INFORMATION PROVIDED =
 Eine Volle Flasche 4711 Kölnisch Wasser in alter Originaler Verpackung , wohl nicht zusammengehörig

...

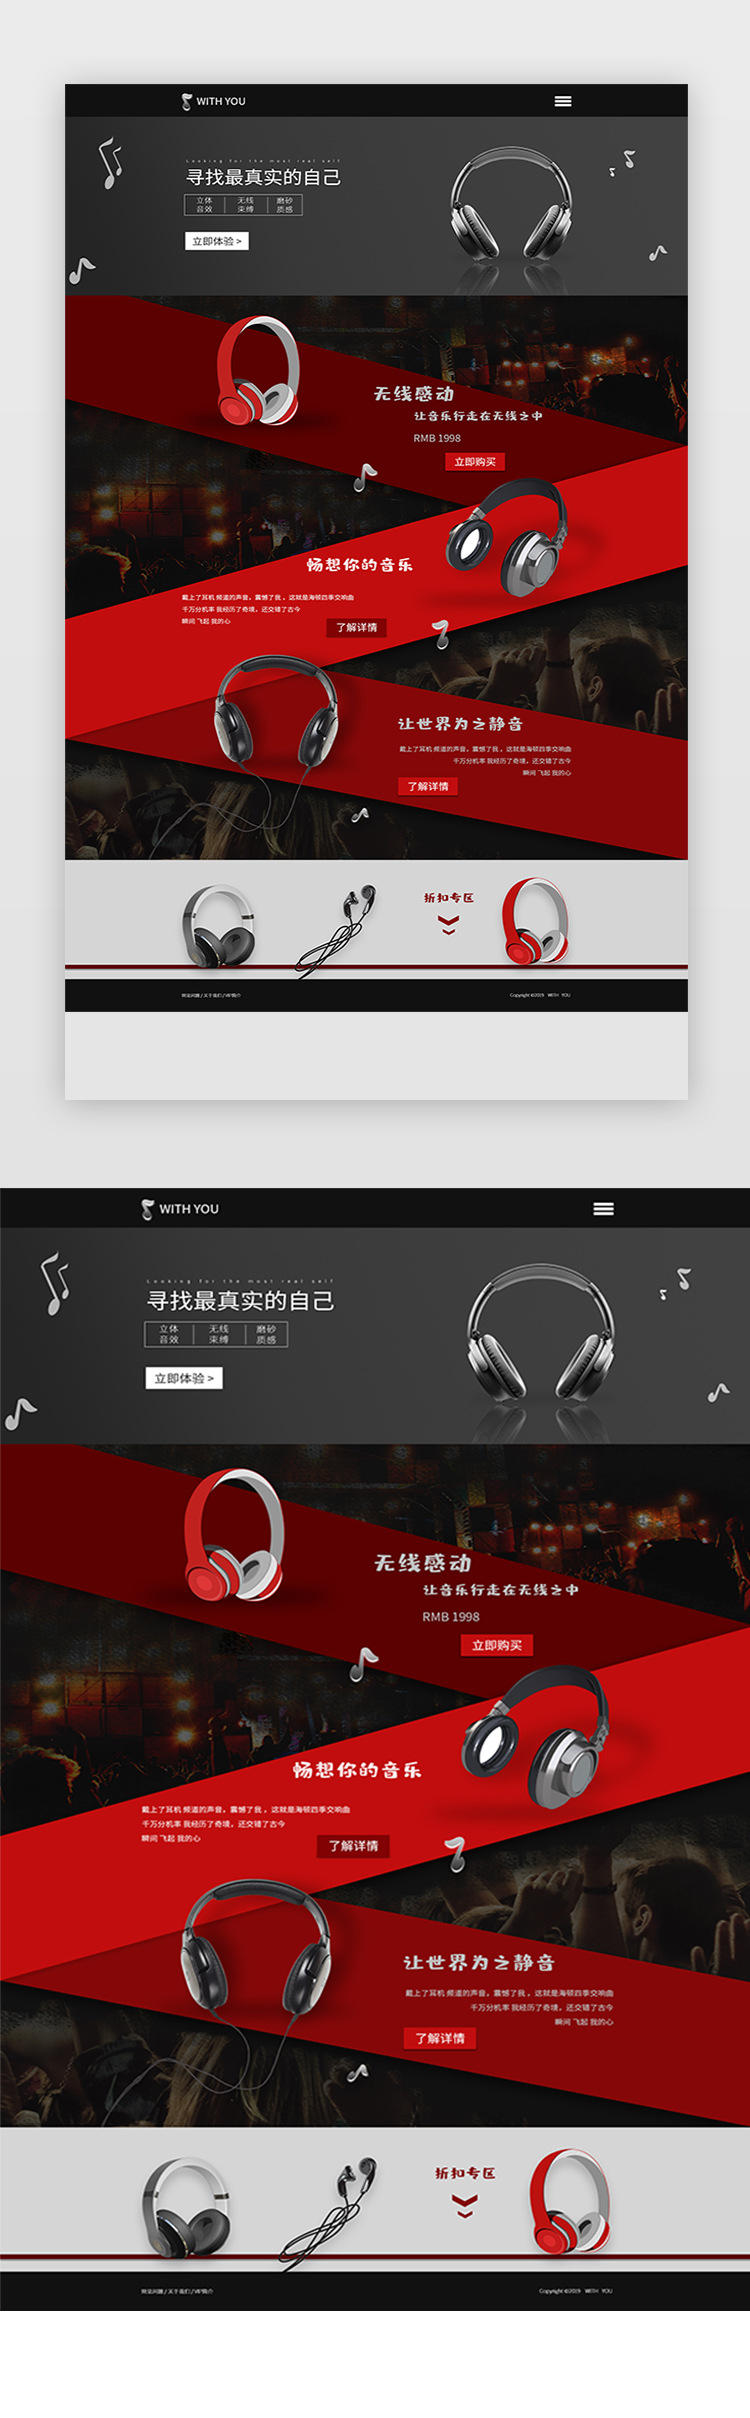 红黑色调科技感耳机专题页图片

---

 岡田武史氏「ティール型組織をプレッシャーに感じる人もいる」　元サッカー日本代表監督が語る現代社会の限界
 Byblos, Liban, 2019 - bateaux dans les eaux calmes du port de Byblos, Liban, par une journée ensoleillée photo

ABOUT THIS EXERCISE =
Could you set down, exactly as written, the lines above between the one holding "岡田武史氏「ティール型組織を" and the one holding "Byblos, Liban, 2019", inclusive, and nothing more?

ANSWER AREA =
 岡田武史氏「ティール型組織をプレッシャーに感じる人もいる」　元サッカー日本代表監督が語る現代社会の限界
 Byblos, Liban, 2019 - bateaux dans les eaux calmes du port de Byblos, Liban, par une journée ensoleillée photo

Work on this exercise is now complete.